Утром с ним разговаривал следователь. Юра во всём признался, и его отпустили, предупредив, что дело будет направлено в суд. Вскоре следователь потребовал характеристику на Бородина, и мастер написал её, указав в ней только положительные черты – других он здесь не проявил.
Этот нескладный и не слишком разговорчивый парень был у мастера на особом счету. Взять его в свою группу попросила мама – Нелли Георгиевна, с которой у Виктора Алексеевича сложились давние близкие отношения. Познакомились они в санатории под Сестрорецком три года назад. Виктор Николаевич, будучи абсолютно здоровым, впервые попал в оздоровительное учреждение. Два дня томился от скуки, хотел уехать, но потом стал по утрам бегать к заливу на зарядку, включая в разминку упражнения с увесистым булыжником... и остался. В первое же утро он увидел высокую стройную женщину-брюнетку в коротких шортах и прозрачной кофточке. Она стояла босиком на зыбком песке берега и следила за чайками, что низко летали над выступавшими из воды камнями.
Виктор Алексеевич прикрыл глаза и... оказался на необитаемом острове. Он здесь уже пятнадцать лет, истосковался по людям, потерял надежду хотя бы на случайный корабль, а тут человек, женщина, да ещё какая!
Остановился рядом, радостно выдохнул:
– С хорошей вас погодой!
– Сама удивлена, – сказала она, продолжая смотреть на чаек. – Радио нам обещало дождь и ветер.
– Ошиблись и на этот раз. Погоду сложно угадать.
– Разве? У них же там спутники, синоптики?
– Всё равно. А вы чайками любуетесь?
– Да, они успокаивают и заставляют думать, что всё будет хорошо.
– Согласен, они бесподобны. Я где-то читал, что души погибших моряков переселяются в чаек, поэтому их особенно любят моряки.
Она повернула голову – обычное женское лицо с карими глазами и ровным, узким носом. Под глазами небольшие голубые разводы, сеточки морщинок. Немолода, но привлекательна своей женственностью и улыбкой, точнее, полуулыбкой, когда губы не открывают зубов. Они познакомились. Виктор Алексеевич узнал, что у Нелли Георгиевны муж-дальнобойщик и сын-семиклассник. Теперь отец повёз его на машине на свою родину, в Аркуль, что на Вятке. Она же выбрала санаторий, так как в машине её всегда укачивает. Служит оператором в почтовом отделении и очень устаёт. Когда он сказал, что работает мастером в училище, она особенно внимательно посмотрела на него, расспросила о профессии столяра и предположила, что когда-нибудь её сын тоже придёт к нему.

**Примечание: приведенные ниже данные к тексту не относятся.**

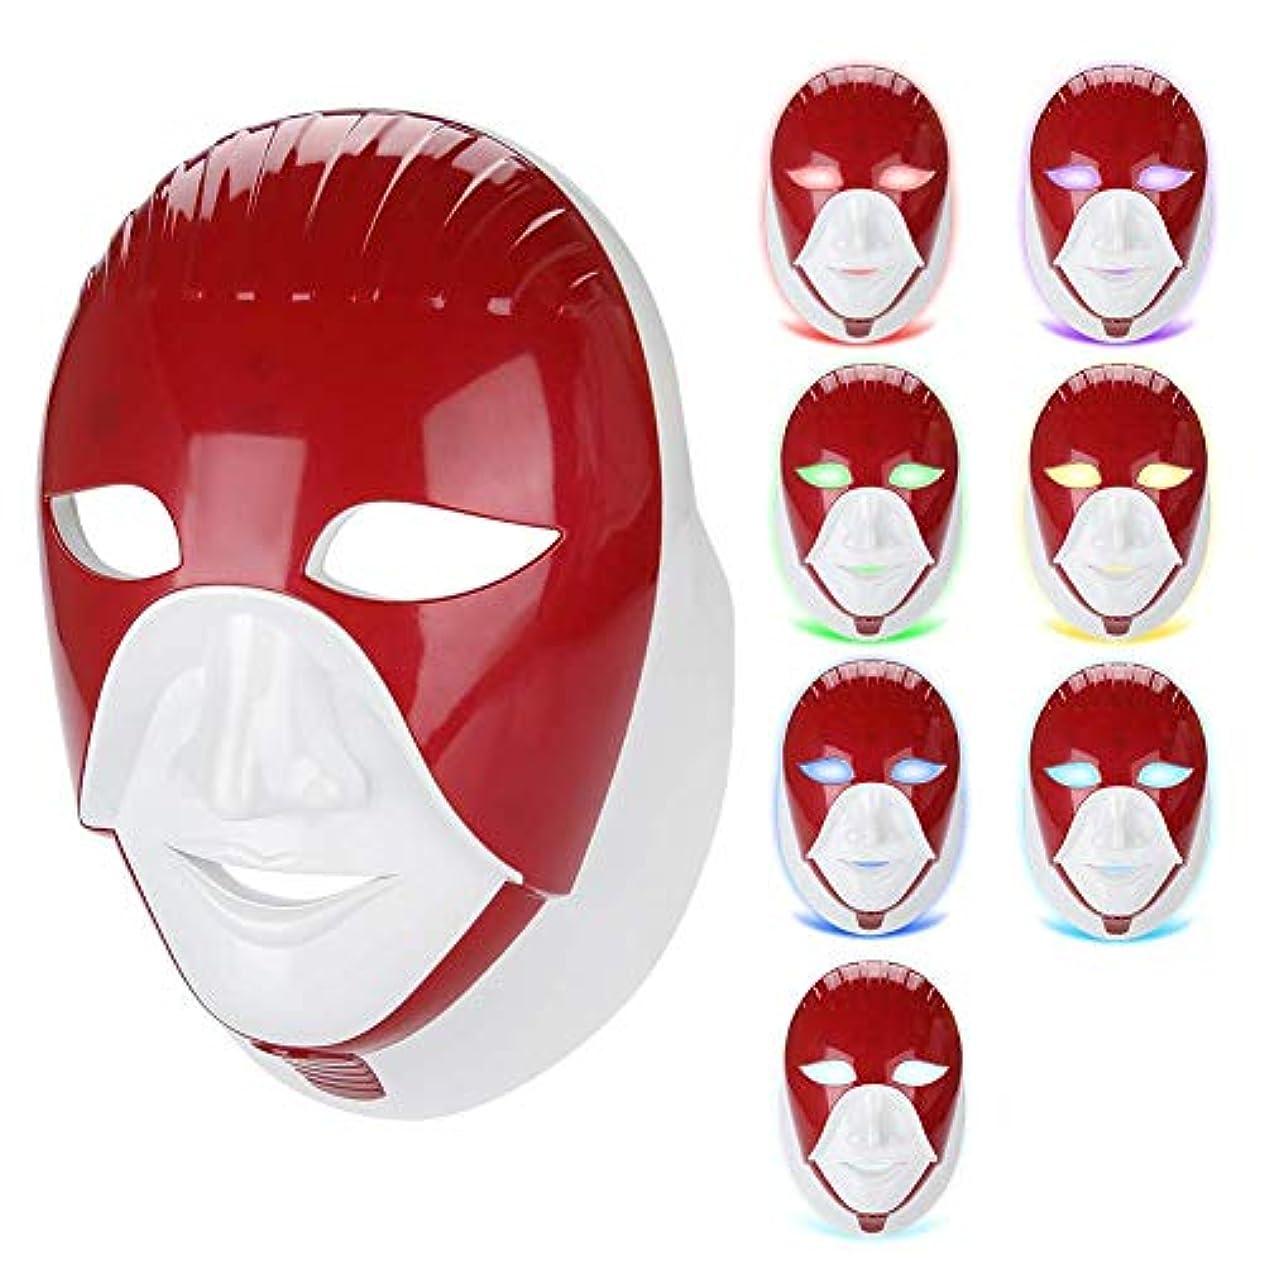 大きなスケールで見ると愛アメリカフォトンセラピーフェイシャルネックマスクアンチリンクルスキンリジュビネーション7色美容機器美容マスク(アルミボックス)

Виктор Алексеевич поинтересовался, знает ли она, что многие родители и даже учителя пугают своих деток: «Будете плохо учиться – пойдёте в пэтэу!» Да, знает, но тяга сына к учёбе такова, что никаких других учебных заведений ему не одолеть.
– Из нашей системы тоже вышло немало выдающихся людей, – бодро сказал он. – Один из них – Гагарин.
– Вы считаете Гагарина выдающимся?
– Да, разумеется. Не учёным, не государственным деятелем, а человеком.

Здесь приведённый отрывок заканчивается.